Work required:
Please, without any pictures, set down exactly the part of the listing below that opens with the line containing "Leinajad David Bowie" and closes with the line containing "tremie แปลว่า?, คำศัพท์ช่างภาษาอังกฤษ".

Records for processing:
**********

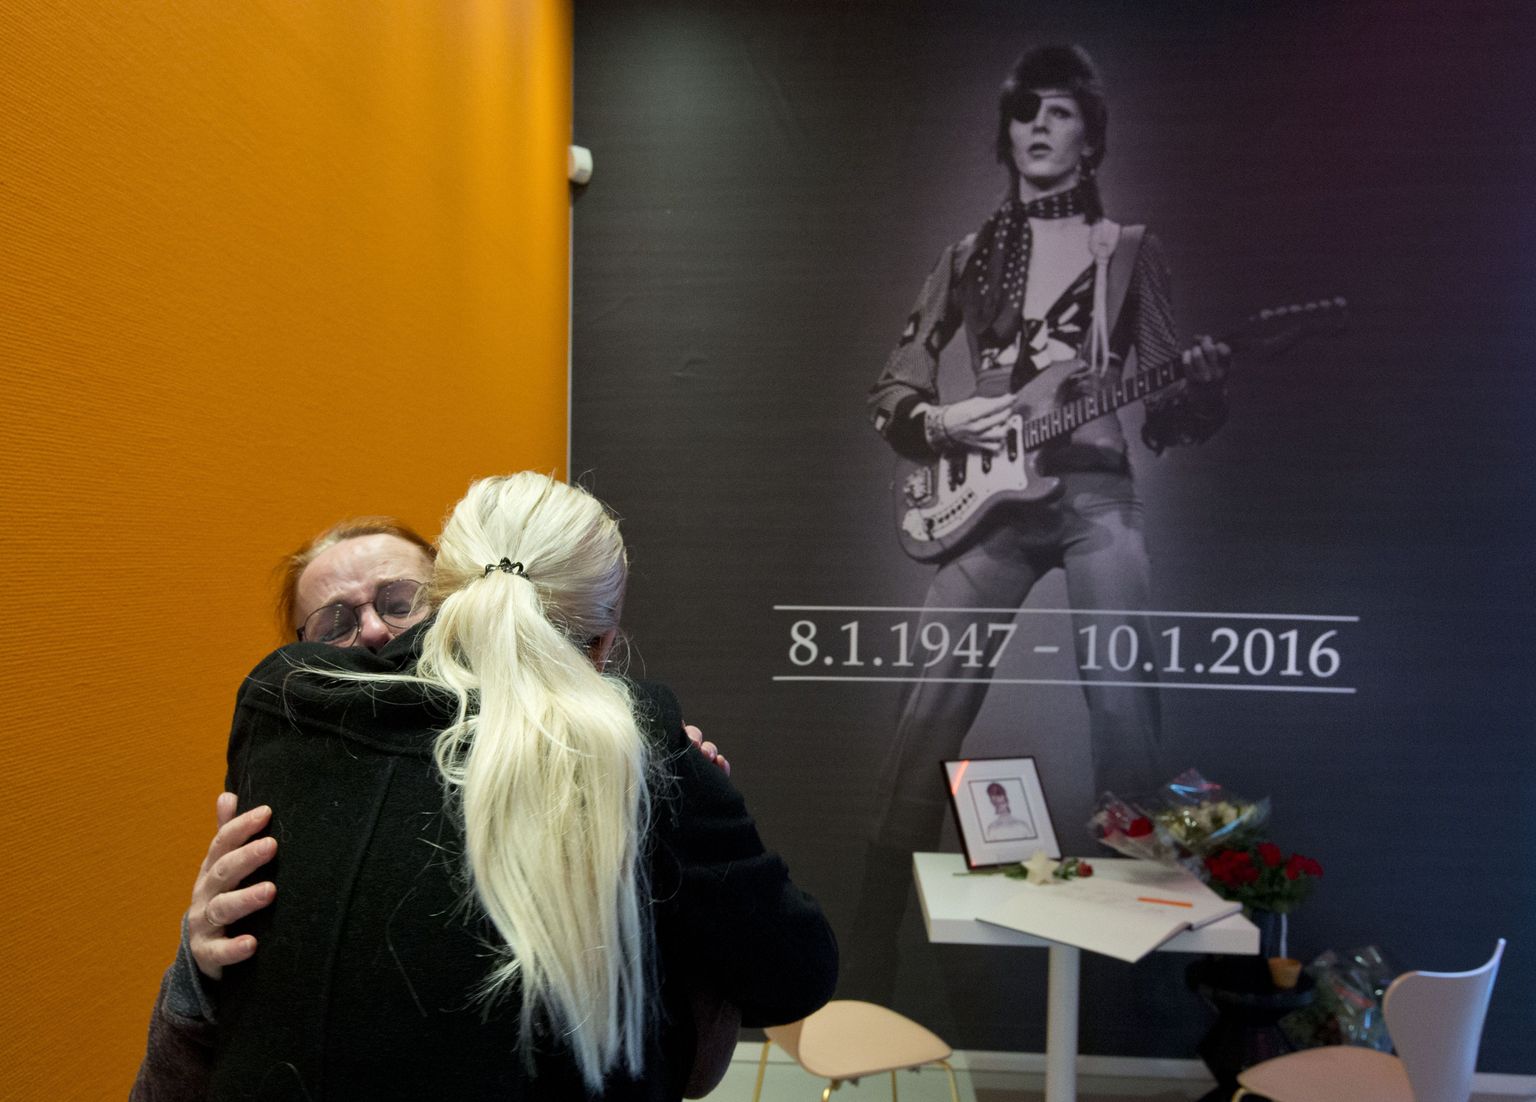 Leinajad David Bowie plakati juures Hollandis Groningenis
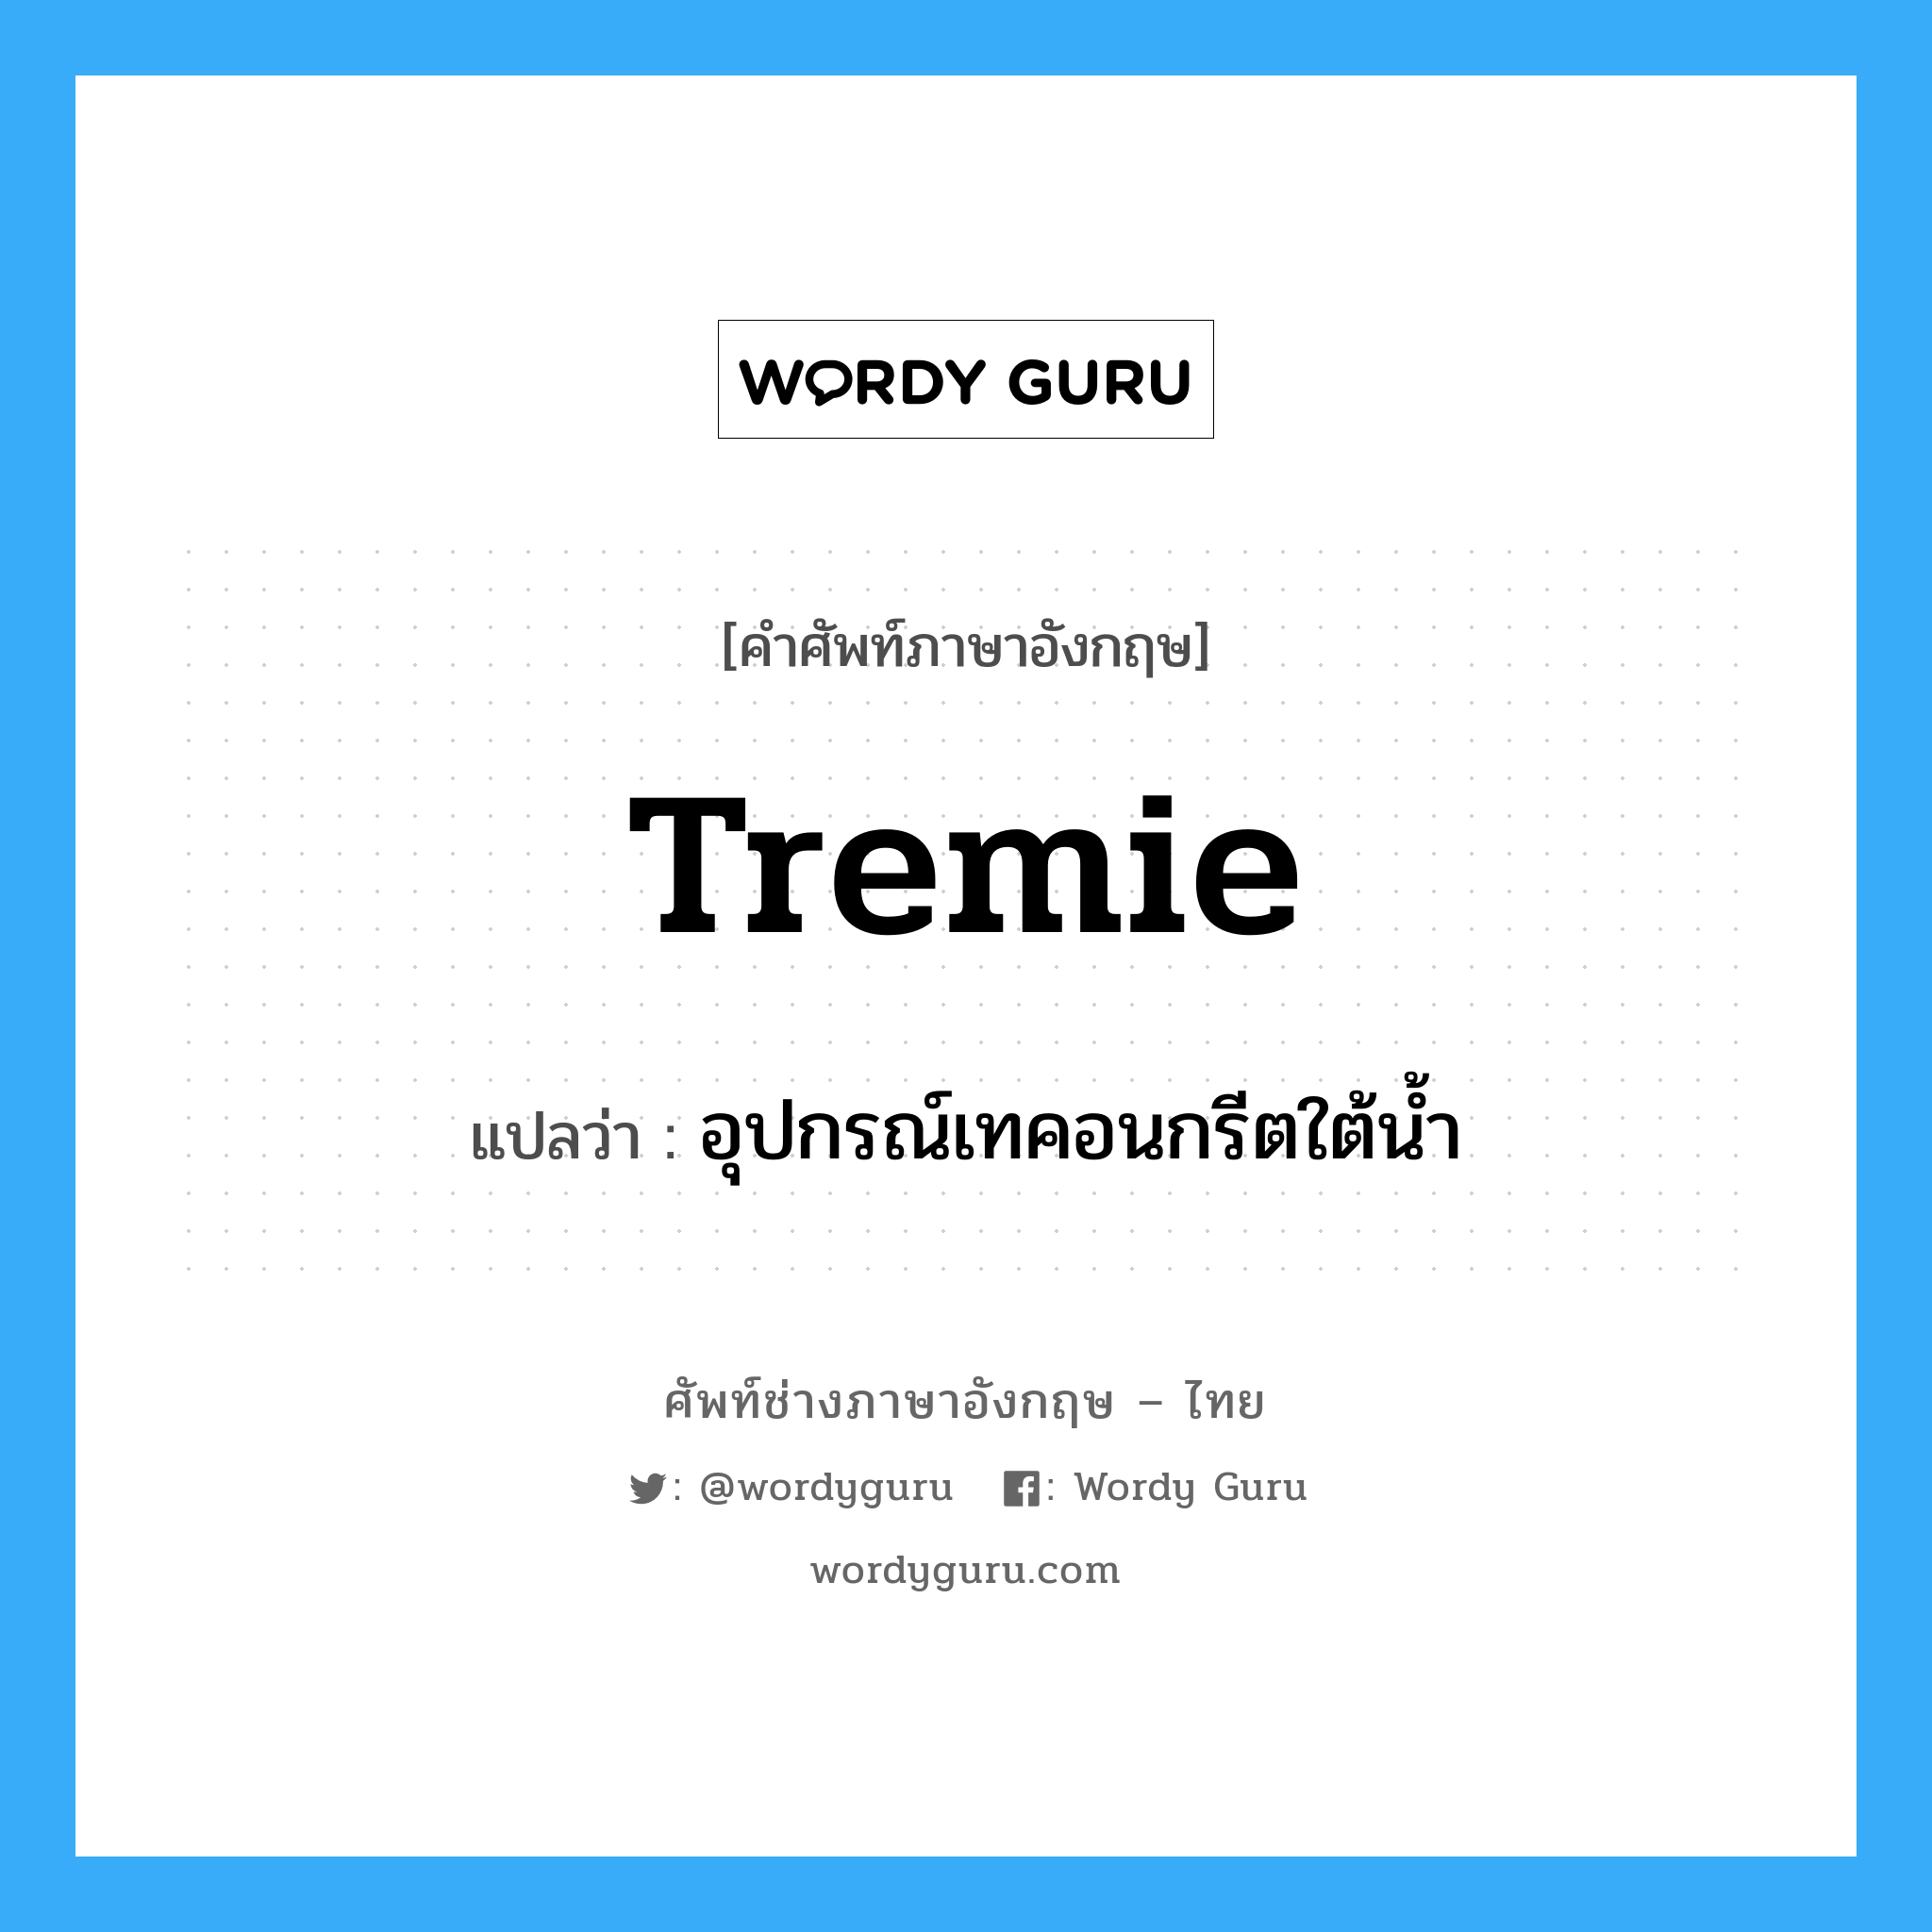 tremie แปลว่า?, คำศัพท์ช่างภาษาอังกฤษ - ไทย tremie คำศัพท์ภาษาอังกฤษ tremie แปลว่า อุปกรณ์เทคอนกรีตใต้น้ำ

**********

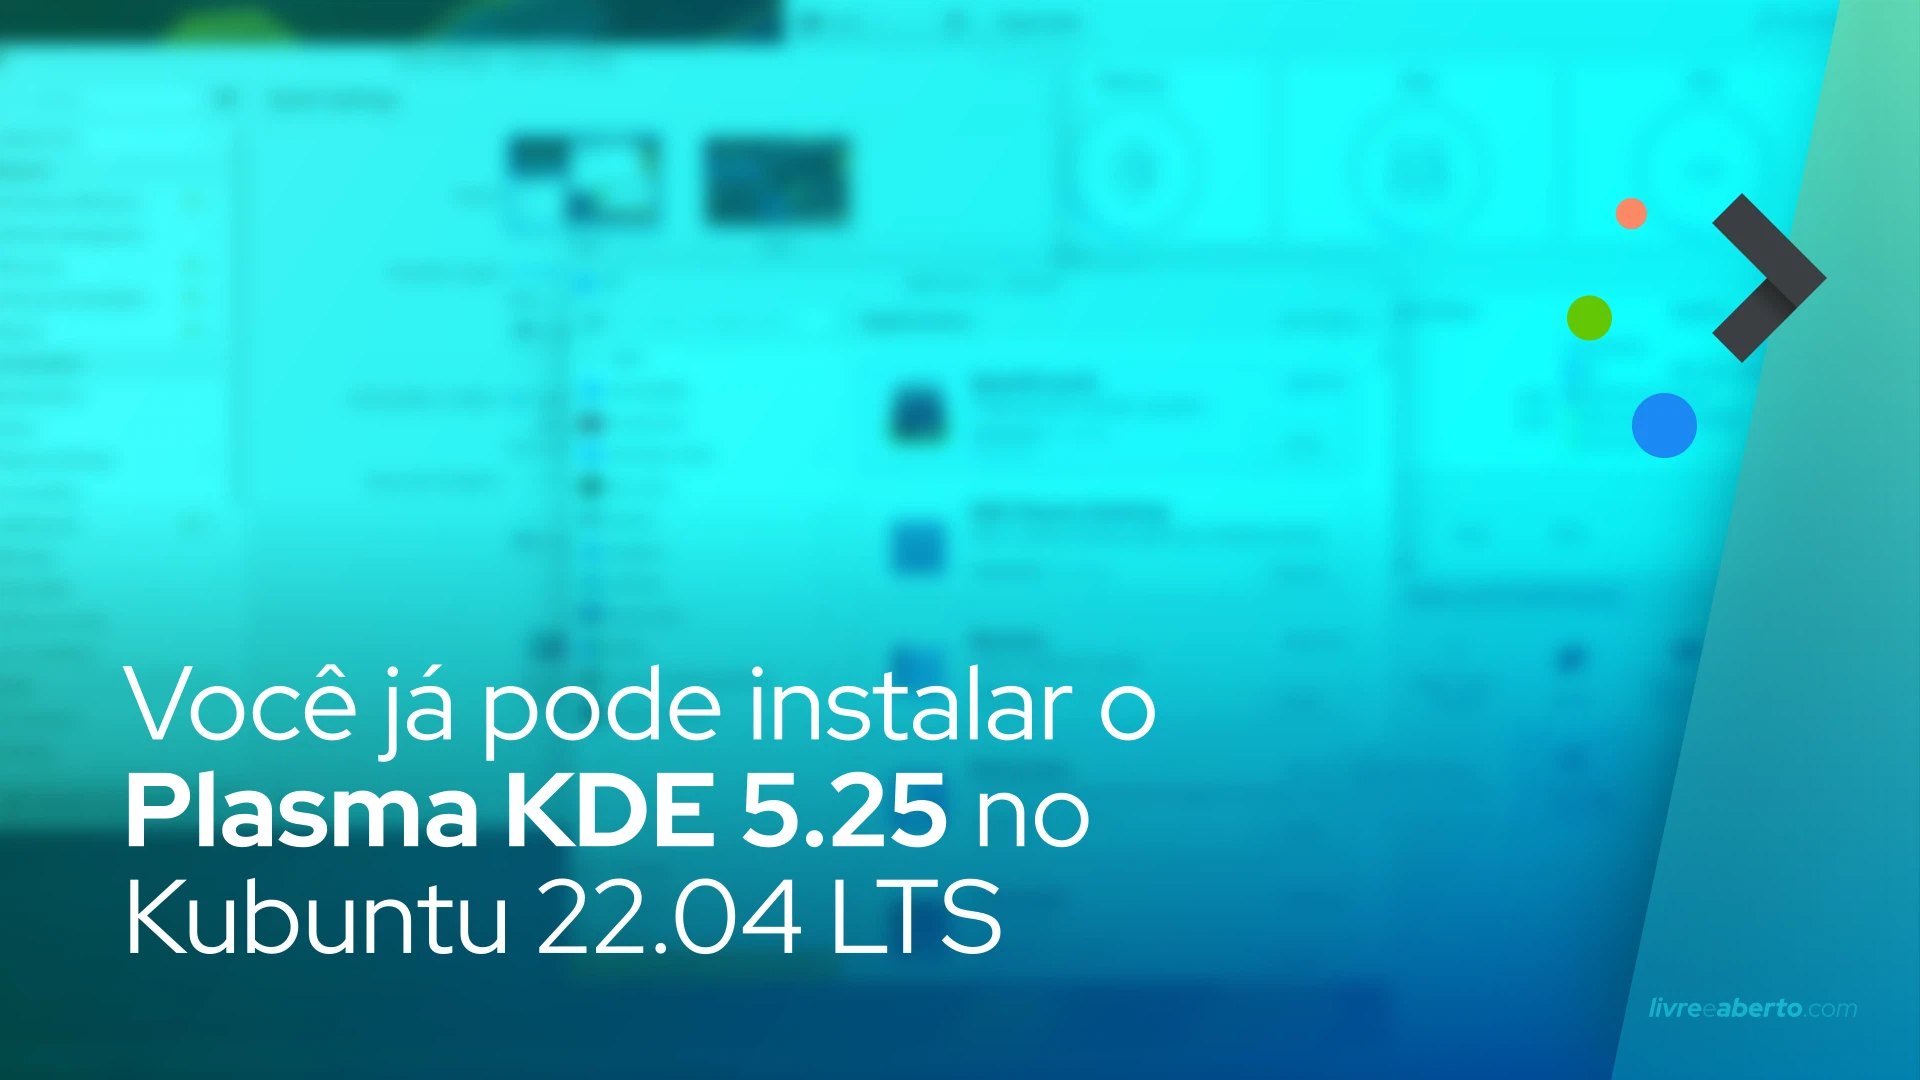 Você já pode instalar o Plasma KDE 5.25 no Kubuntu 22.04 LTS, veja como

**********

Task answer:
 Leinajad David Bowie plakati juures Hollandis Groningenis
 tremie แปลว่า?, คำศัพท์ช่างภาษาอังกฤษ - ไทย tremie คำศัพท์ภาษาอังกฤษ tremie แปลว่า อุปกรณ์เทคอนกรีตใต้น้ำ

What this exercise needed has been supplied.